● **Given data**:
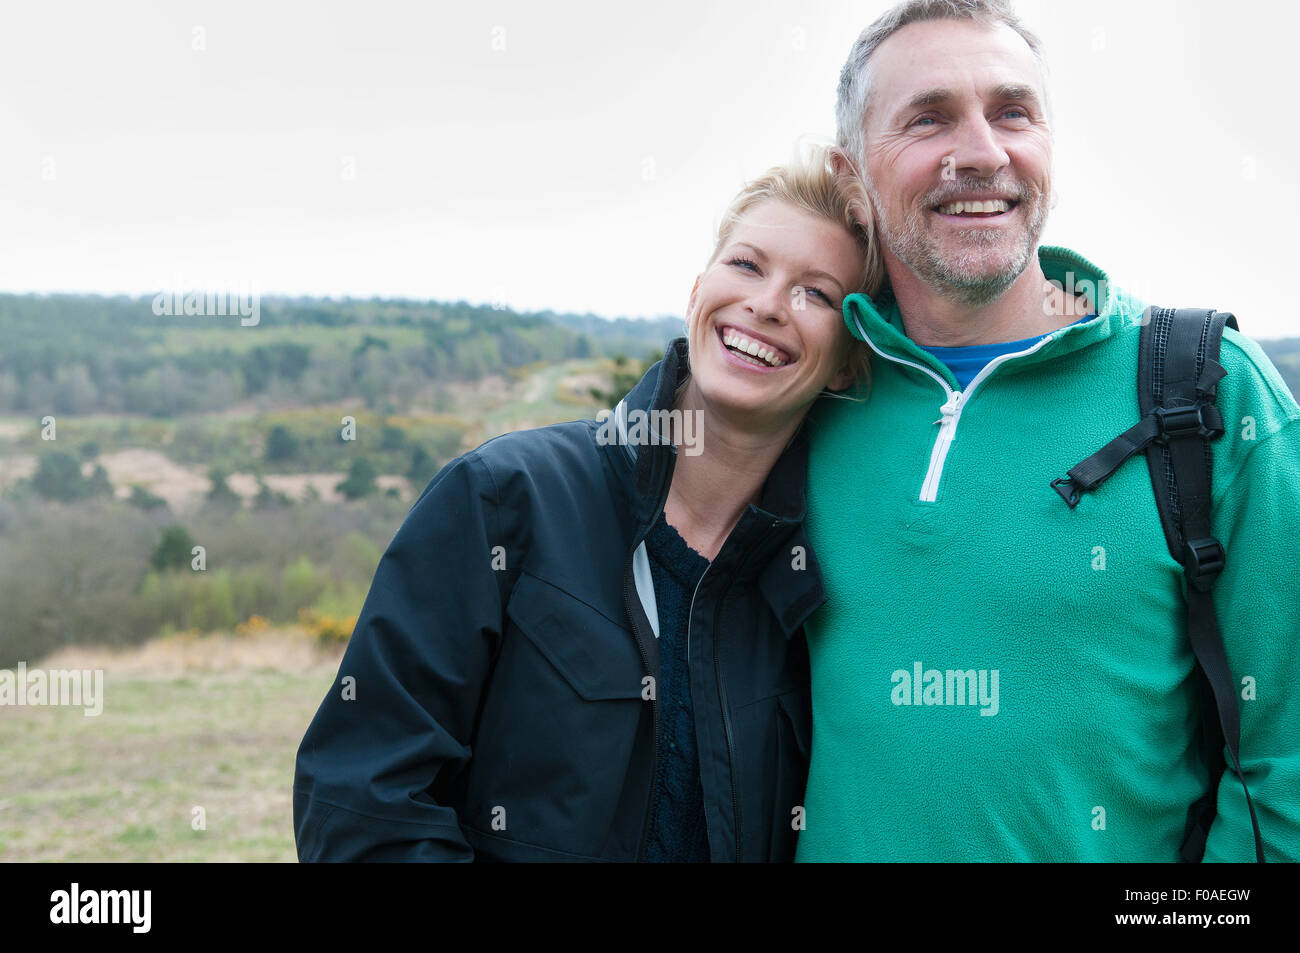 Hiking couple in rural landscape Stock Photo
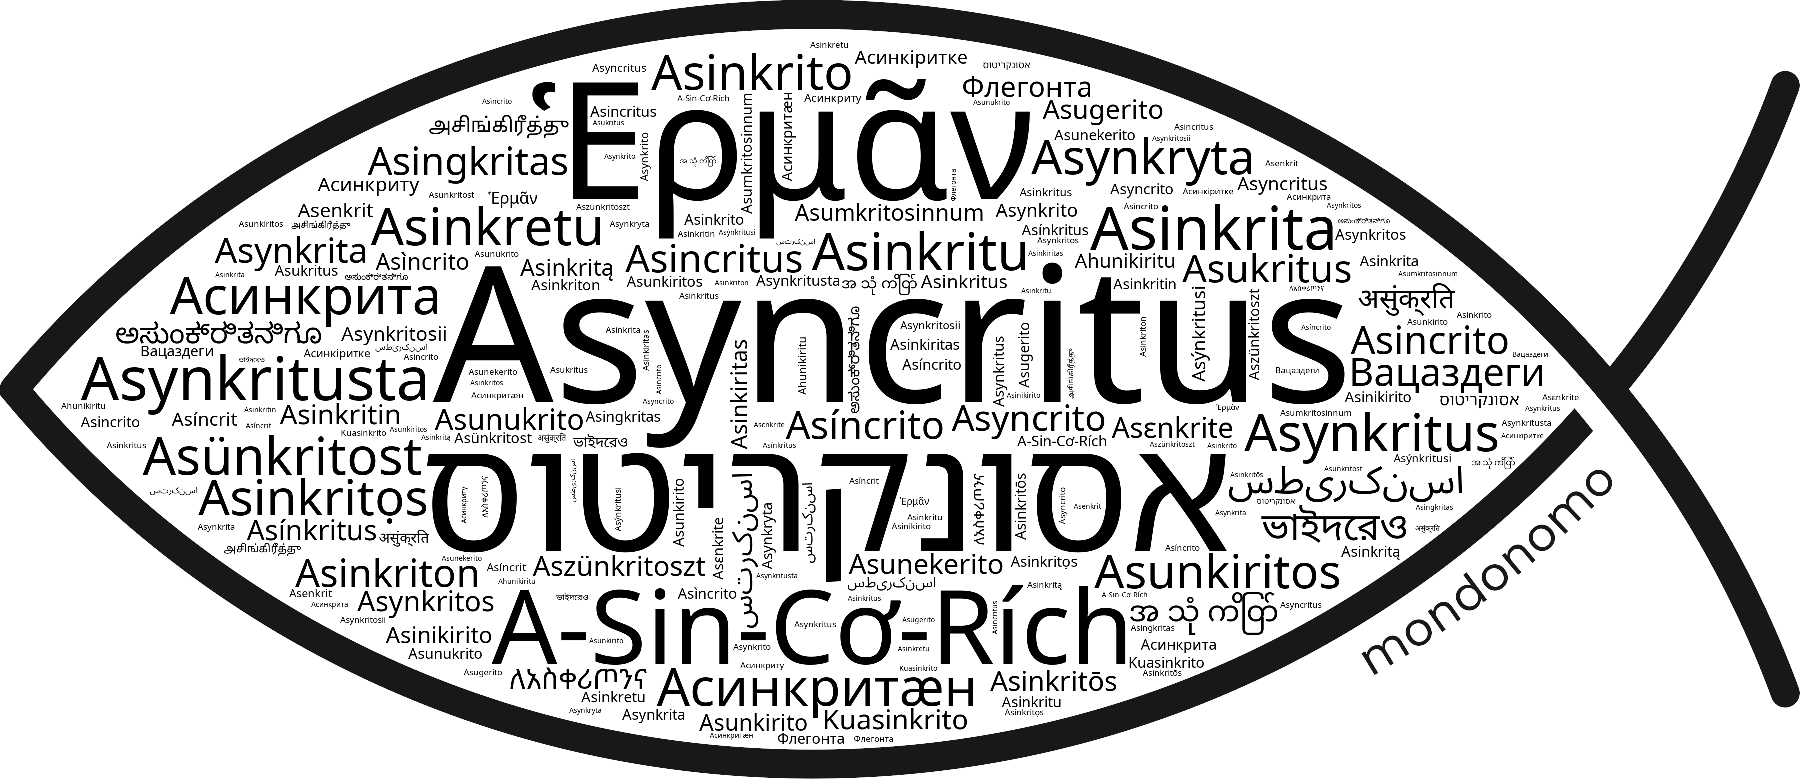 Name Asyncritus in the world's Bibles
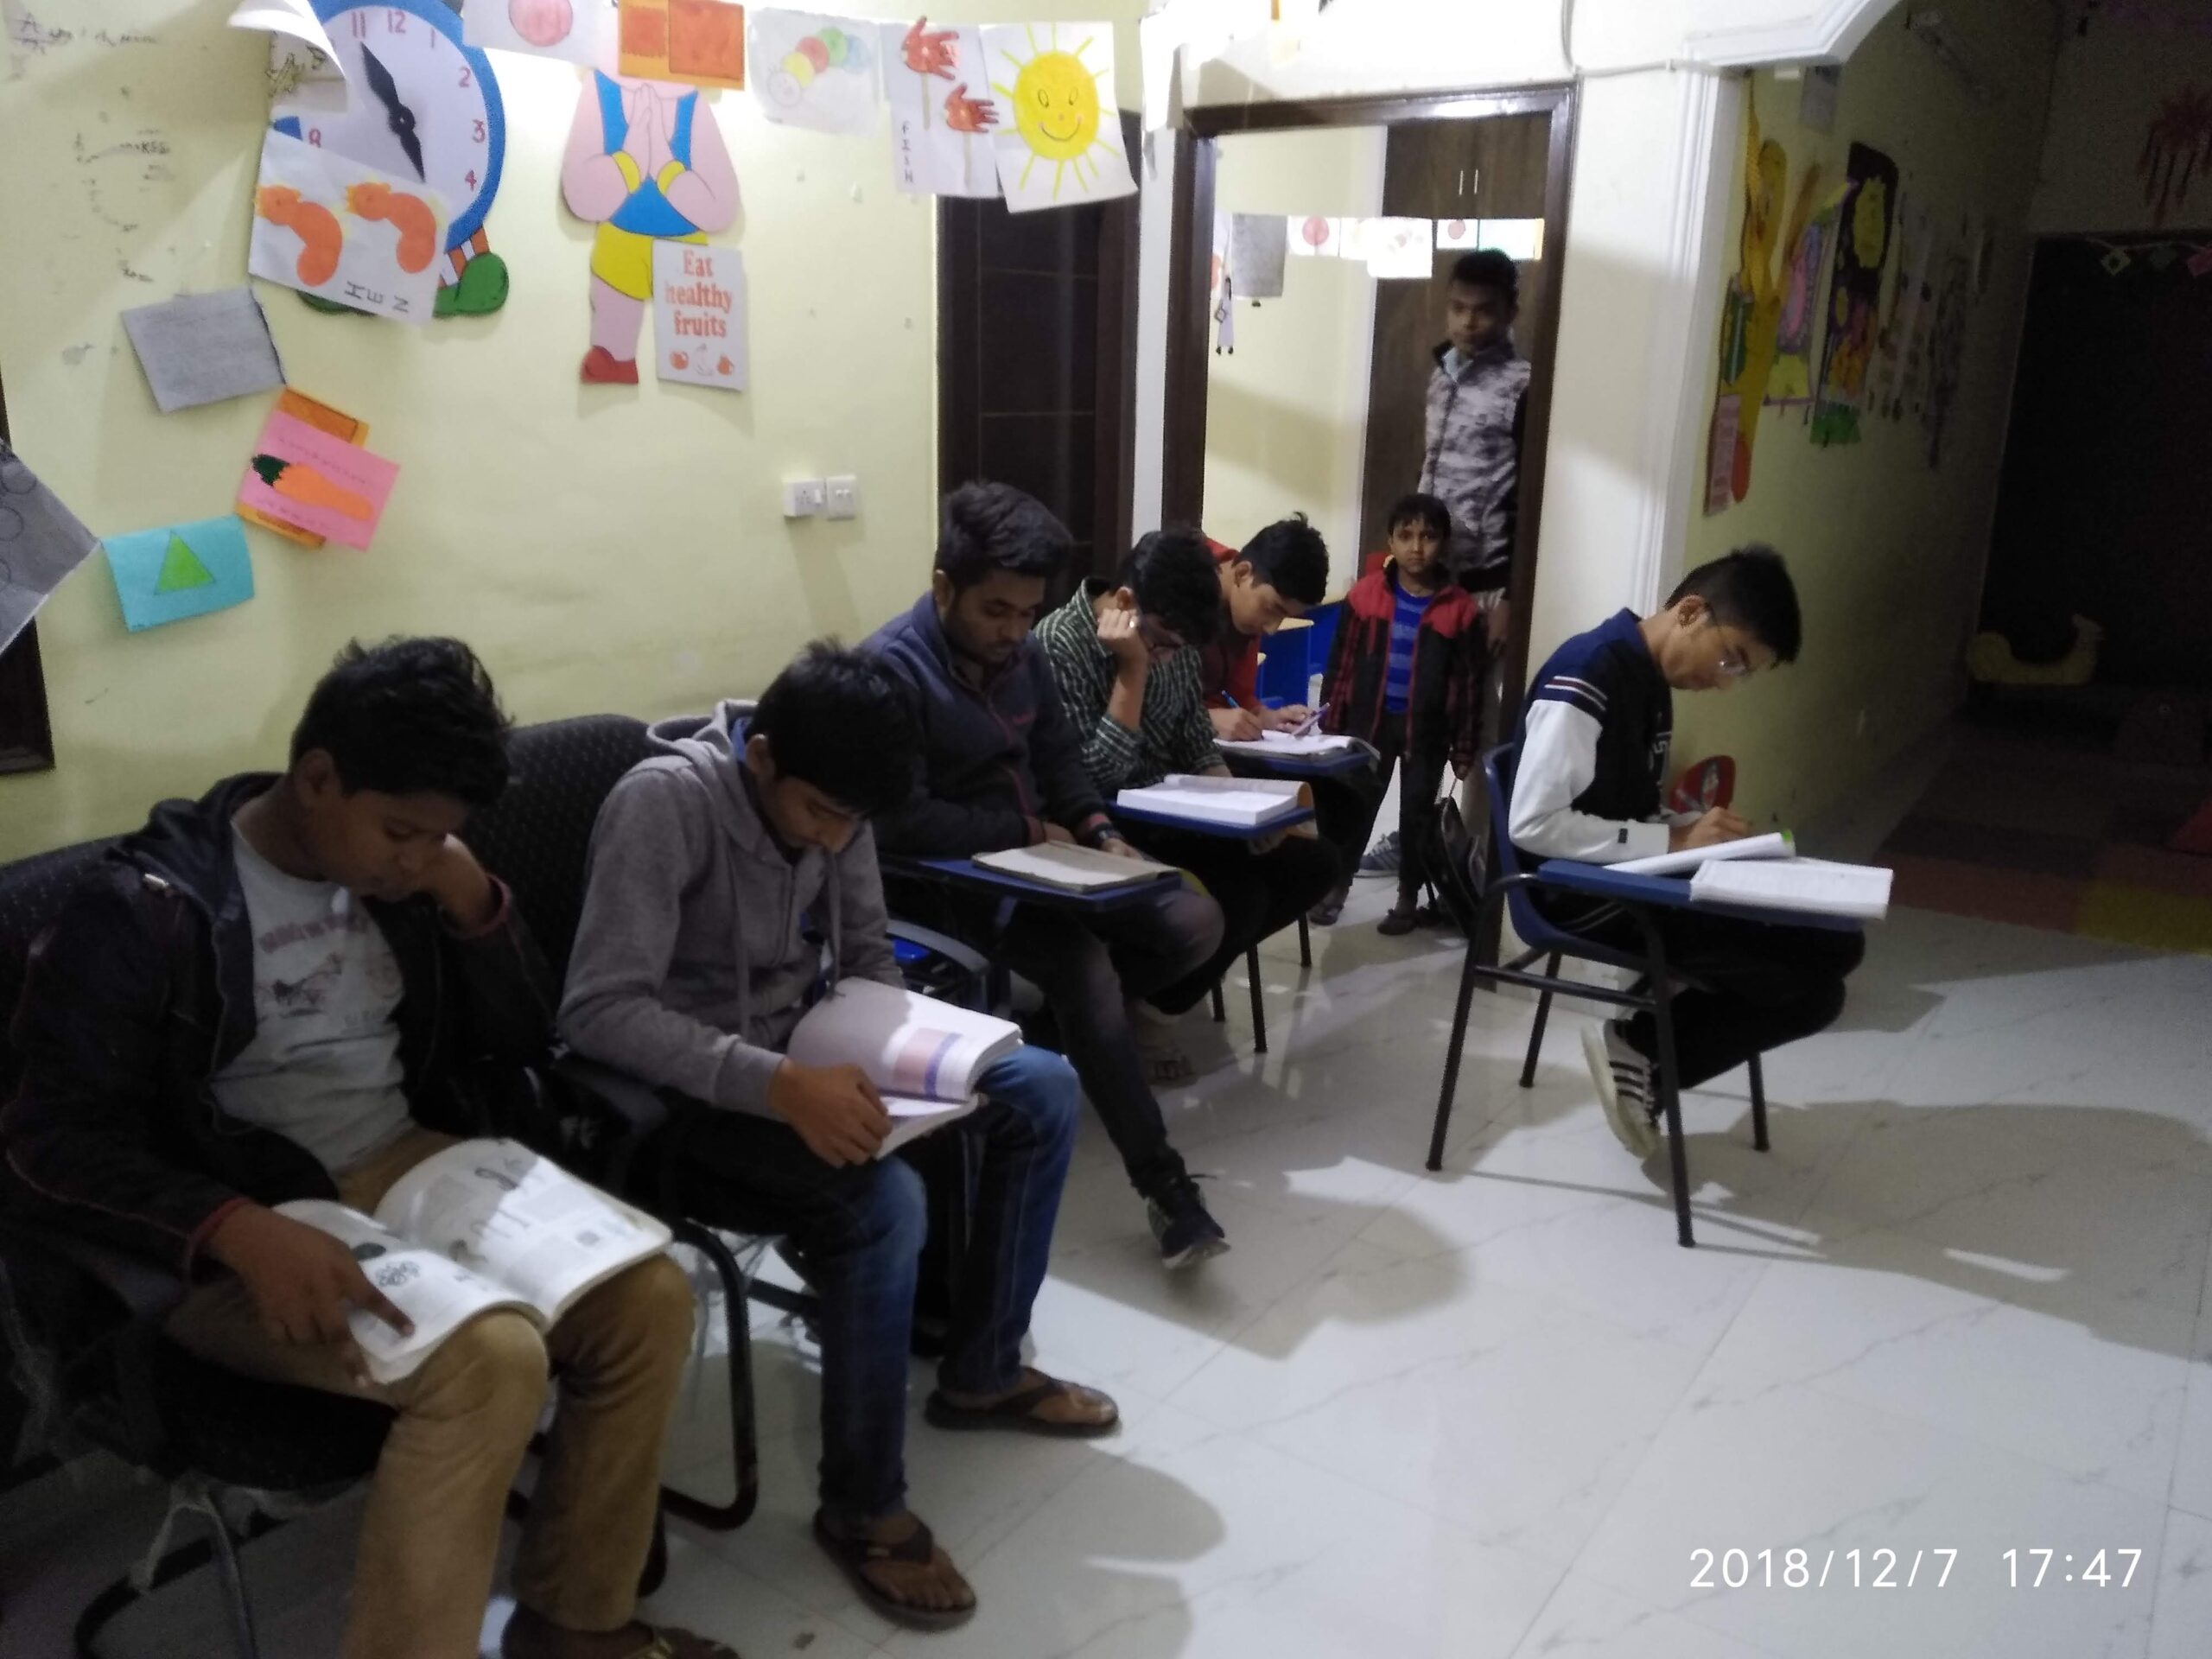 RBL Academy provides Best coaching, home tutor home tuition, online coaching classes, Project and assignment solutions for all subjects of Class 11 and 12 Accounts, Business Studies and economics.

● **Assignment**: Any picture in the data is to be skipped, while each line is returned exactly as written.

● **Response below**:
 Hiking couple in rural landscape Stock Photo
 Name Asyncritus in the world's Bibles
 RBL Academy provides Best coaching, home tutor home tuition, online coaching classes, Project and assignment solutions for all subjects of Class 11 and 12 Accounts, Business Studies and economics.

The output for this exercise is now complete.